Saving a data step as a view

IanBD
IanBD
Altair Employee
edited September 2022 in Altair RapidMiner

A DATA step view is a DATA step that has been saved in a format that enables it to be run and used as a data source by other DATA steps or procedures. The data output by the DATA step view is read as if it is a dataset.

There are many reasons you might want to use a DATA step view. You can use DATA step views to create algorithmic sources of data; you could, for example, create a view that return numbers in the Fibonacci sequence. Alternatively, you might want to transform data in some way before use but prefer not to store the transformed data permanently.

To create a DATA step view, you specify the /VIEW keyword to the DATA statement. The statement required to create a view has the format:

DATA ds_name /VIEW=ds_name

where ds_name specifies both the output dataset and the name of the view. The name of the view must be the same as name of the dataset that would be created by the DATA step. The dataset cannot be a null dataset created using the _NULL_ keyword, because the name of the DATA step is used to recall the view and read the data, and _NULL_ is not a valid data source name.

For example, the following DATA step creates a view called myview in the default Work library:

DATA myview /VIEW=myview;   a = 1; RUN;

You can save the view in any folder or directory by using the LIBNAME global statement to specify a library. For example, you could specify:

LIBNAME temp 'c:\temp'; DATA temp.myview /VIEW=temp.myview;   a = 1; RUN;

The view is stored in the folder c:\temp.

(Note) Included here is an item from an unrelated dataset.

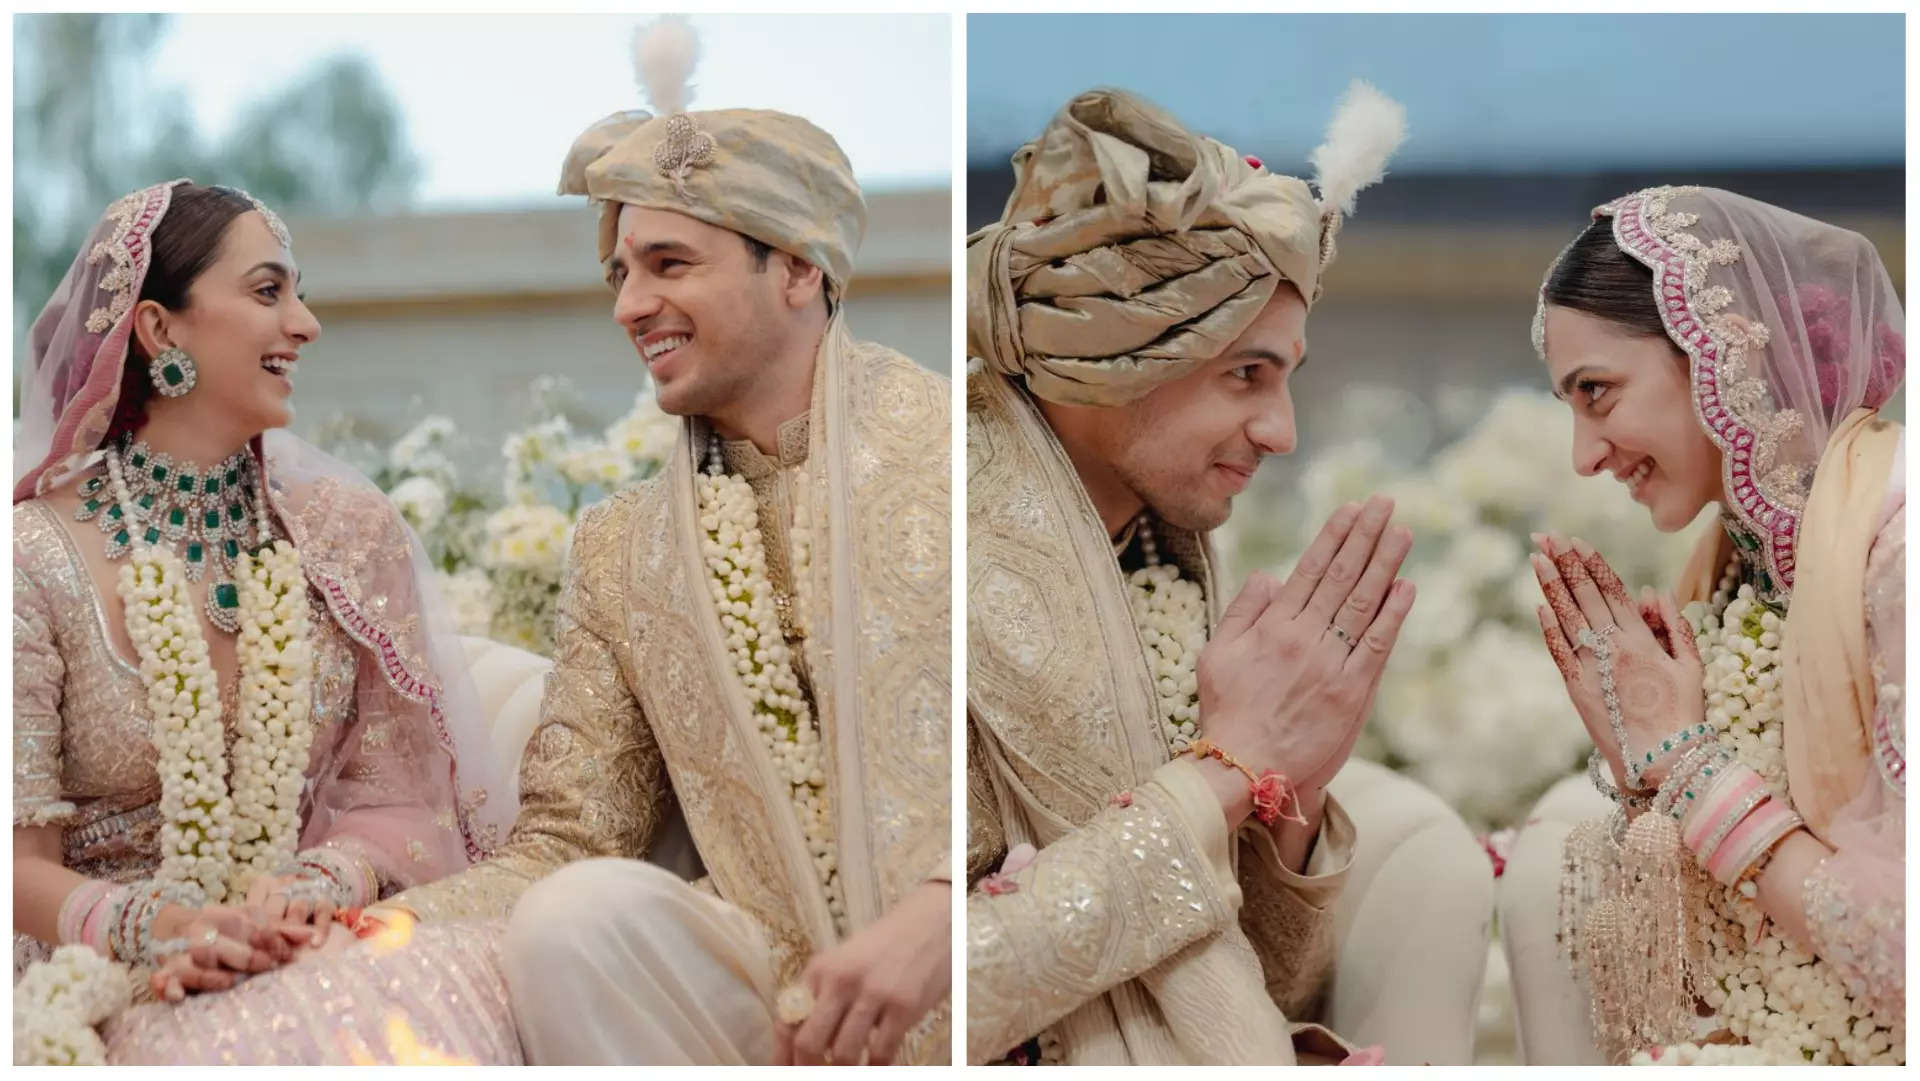 Kiara Advani-Sidharth Malhotra wedding: fans got emotional after see couple  wedding pics-सिद्धार्थ मल्होत्रा-कियारा आडवाणी की शादी की पिक्स देख इमोशनल  हुए फैन्स, कहा 'परफेक्ट जोड़ी'

You can then use the DATA step view as an input dataset. For example:

DATA newds;   SET temp.myview;
RUN;

This DATA step locates the DATA step view temp.myview and then executes it to generate the required data. It creates a new dataset newds that contains the data created in the DATA step view.

You can also use the view as the data source for a procedure:

PROC PRINT DATA=temp.myview; RUN;

This prints the data generated in the view temp.myview to the listing file created by the procedure.

In Workbench, the data generated by a DATA step view can be viewed in the dataset viewer. Find the view in the in the Work library, or the library you specified, and double-click it. The dataset viewer opens and displays the data created by the DATA step view.

The examples above show how the data generated in the DATA step is then used as the input to other DATA steps or procedures. In the examples, the data was a value specified to a variable. You can, however, create a DATA step of any complexity to create the data generated by a view.

In the following example, a Microsoft Excel file is read. Only rows where the value of the variable meets a specified condition are read into the DATA step. The view is stored in the specified library temp.

LIBNAME books XLSX 'c:\temp\books\lib_books.xlsx; LIBNAME temp 'c:\temp';  DATA temp.myview /view=temp.myview;   SET books.libbooks;   WHERE dewey_decimal_number EQ '823'; RUN;

Only a row in the workbook that has a Dewey Decimal number equal to 823 is read at each iteration of the DATA step.

You could then use this DATA step view to create further subsets of the data:

LIBNAME books XLSX 'c:\temp\books\lib_books.xlsx';
LIBNAME temp 'c:\temp'; DATA out; SET temp.myview;
WHERE author EQ 'Rendell, Ruth'; RUN;

Note that you need to execute the LIBNAME statements again if you run the DATA set view in a new session, such as from the command line, to make the Excel file available to the DATA step view, and the DATA step view available to this DATA step.

Because a DATA step view can be used to create data algorithmically, it is possible that the stream of data created might never end (for example, the Fibonacci series is infinite); you should therefore be careful when reading data from such a view that only the required data is read and that the DATA step can terminate.